Any idea what is going on here?
 
Last edited:
add your comment to the openvz bug report, the more reports the better.
 
I have similar problems with migrating with online option enabled. I had the same problems on 2.2, 2.3 and now on 3.1. I run containers on shared NFS. When I run online migration I get this:

Code:
Sep 20 09:25:31 starting migration of CT 105 to node 'proxmox' (192.168.0.1)

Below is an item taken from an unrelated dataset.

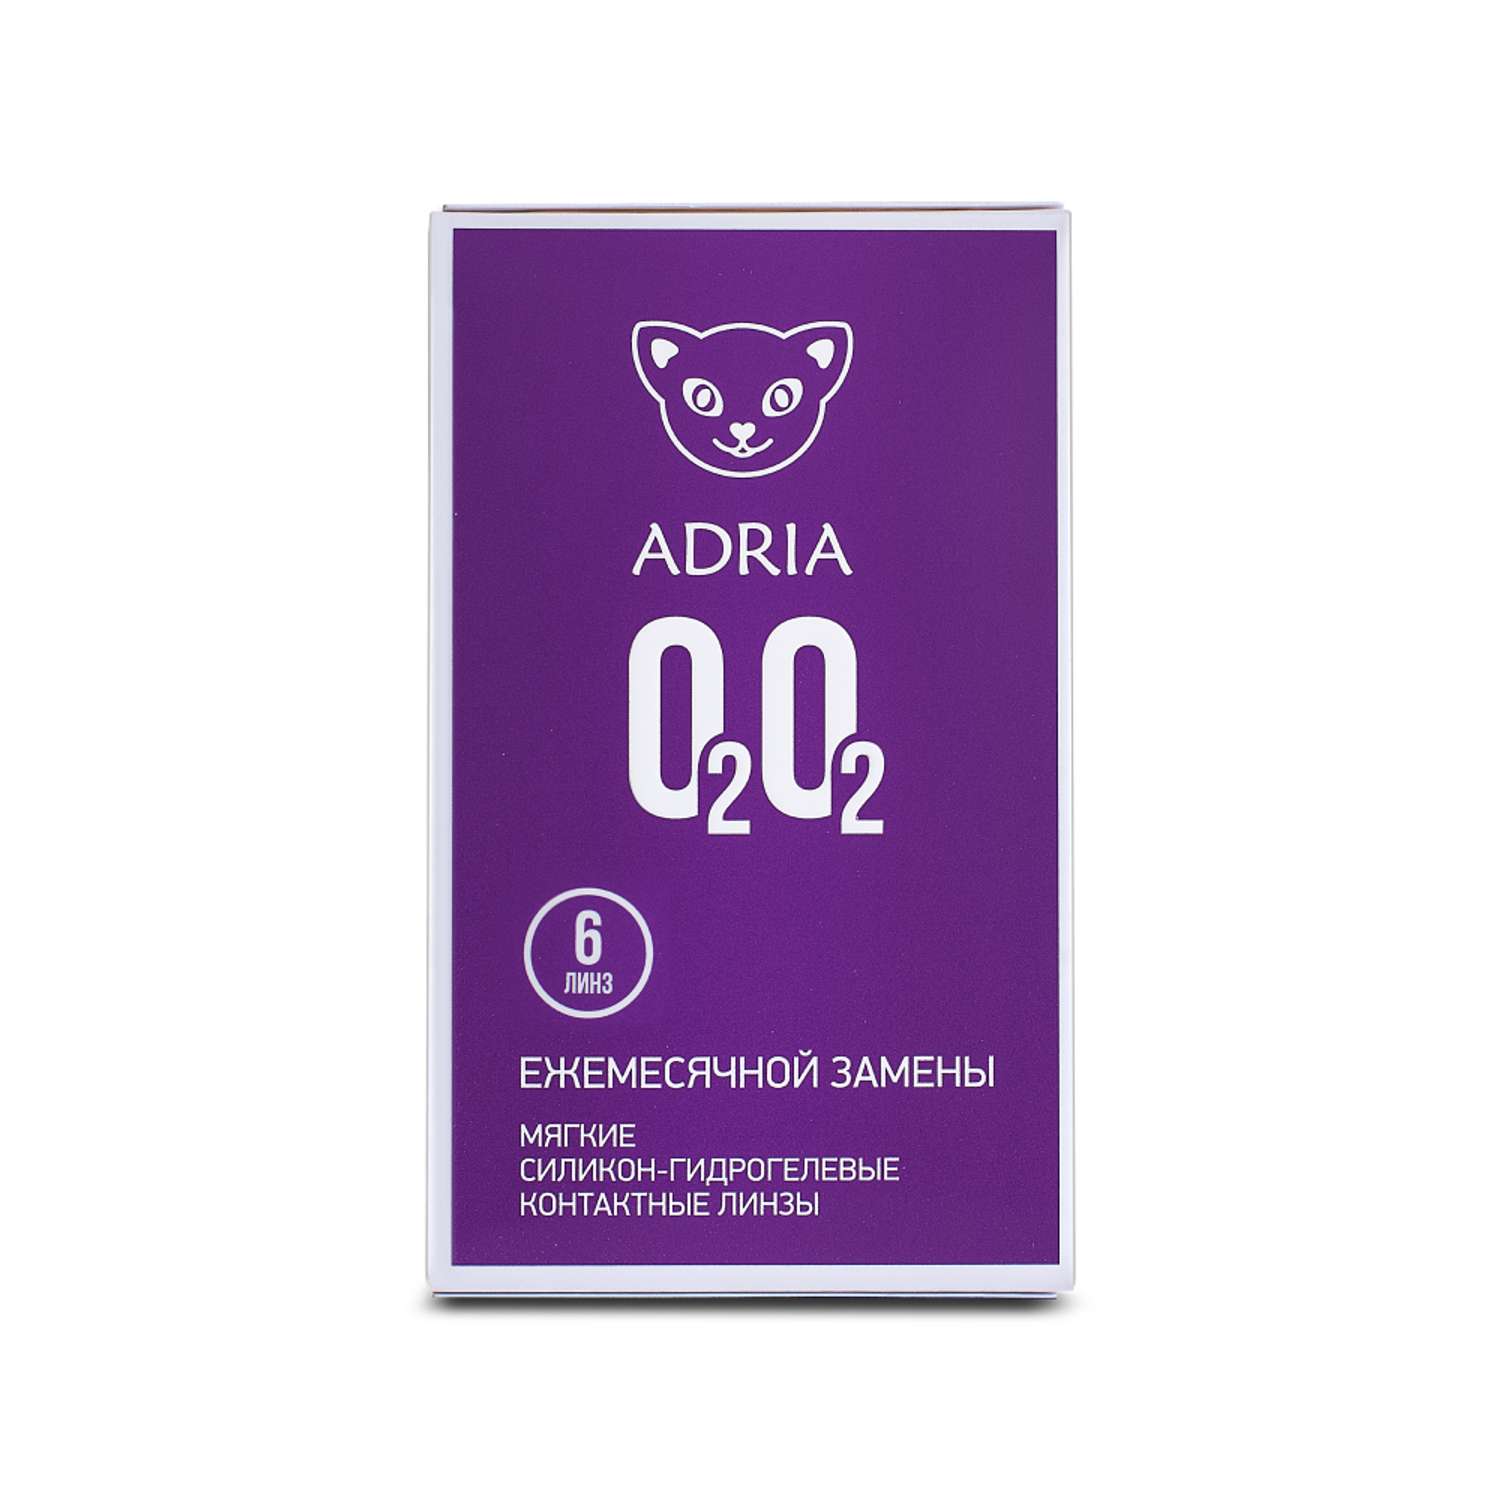 Контактные линзы ADRIA O2O2 6 линз R 8.6 -3.00 - фото 6

Sep 20 09:25:31 container is running - using online migration
Sep 20 09:25:32 container data is on shared storage 'qnapCT'
Sep 20 09:25:32 start live migration - suspending container
Sep 20 09:25:32 dump container state
Sep 20 09:25:35 dump 2nd level quota
Sep 20 09:25:36 initialize container on remote node 'proxmox'
Sep 20 09:25:36 initializing remote quota
Sep 20 09:26:04 turn on remote quota
Sep 20 09:26:04 load 2nd level quota
Sep 20 09:26:04 starting container on remote node 'proxmox'
Sep 20 09:26:04 restore container state
Sep  20 09:26:06 # /usr/bin/ssh -o 'BatchMode=yes' root@192.168.0.1 vzctl  restore 105 --undump --dumpfile /mnt/pve/qnapCT/dump/dump.105  --skip_arpdetect
Sep 20 09:26:05 Restoring container ...
Sep 20 09:26:05 Starting container ...
Sep 20 09:26:05 Container is mounted
Sep 20 09:26:05     undump...
Sep 20 09:26:05 Setting CPU units: 1000
Sep 20 09:26:05 Setting CPUs: 1
Sep 20 09:26:05 Configure veth devices: veth105.0 
Sep 20 09:26:05 Adding interface veth105.0 to bridge vmbr1 on CT0 for CT105
Sep 20 09:26:06 vzquota : (warning) Quota is running for id 105 already
Sep 20 09:26:06 Error: undump failed: No such file or directory
Sep 20 09:26:06 Restoring failed:
Sep 20 09:26:06 Error: rst_open_file: failed to lookup path '/tmp/.nfs0000000001d04c340000024c': -2
Sep 20 09:26:06 Error: can't open file /tmp/.nfs0000000001d04c340000024c
Sep 20 09:26:06 Error: rst_file: -2 114040
Sep 20 09:26:06 Error: rst_files: -2
Sep 20 09:26:06 Error: make_baby: -2
Sep 20 09:26:06 Error: rst_clone_children
Sep 20 09:26:06 Error: make_baby: -2
Sep 20 09:26:06 Error: rst_clone_children
Sep 20 09:26:06 Error: make_baby: -2
Sep 20 09:26:06 Error: rst_clone_children
Sep 20 09:26:06 Container start failed
Sep  20 09:26:06 ERROR: online migrate failure - Failed to restore  container: Can't umount /var/lib/vz/root/105: Device or resource busy
Sep 20 09:26:06 start final cleanup
Sep 20 09:26:06 ERROR: migration finished with problems (duration 00:00:35)
TASK ERROR: migration problems

Migrated CT shows on the new node but is stopped/not runnig. If I manually press start, it starts normally.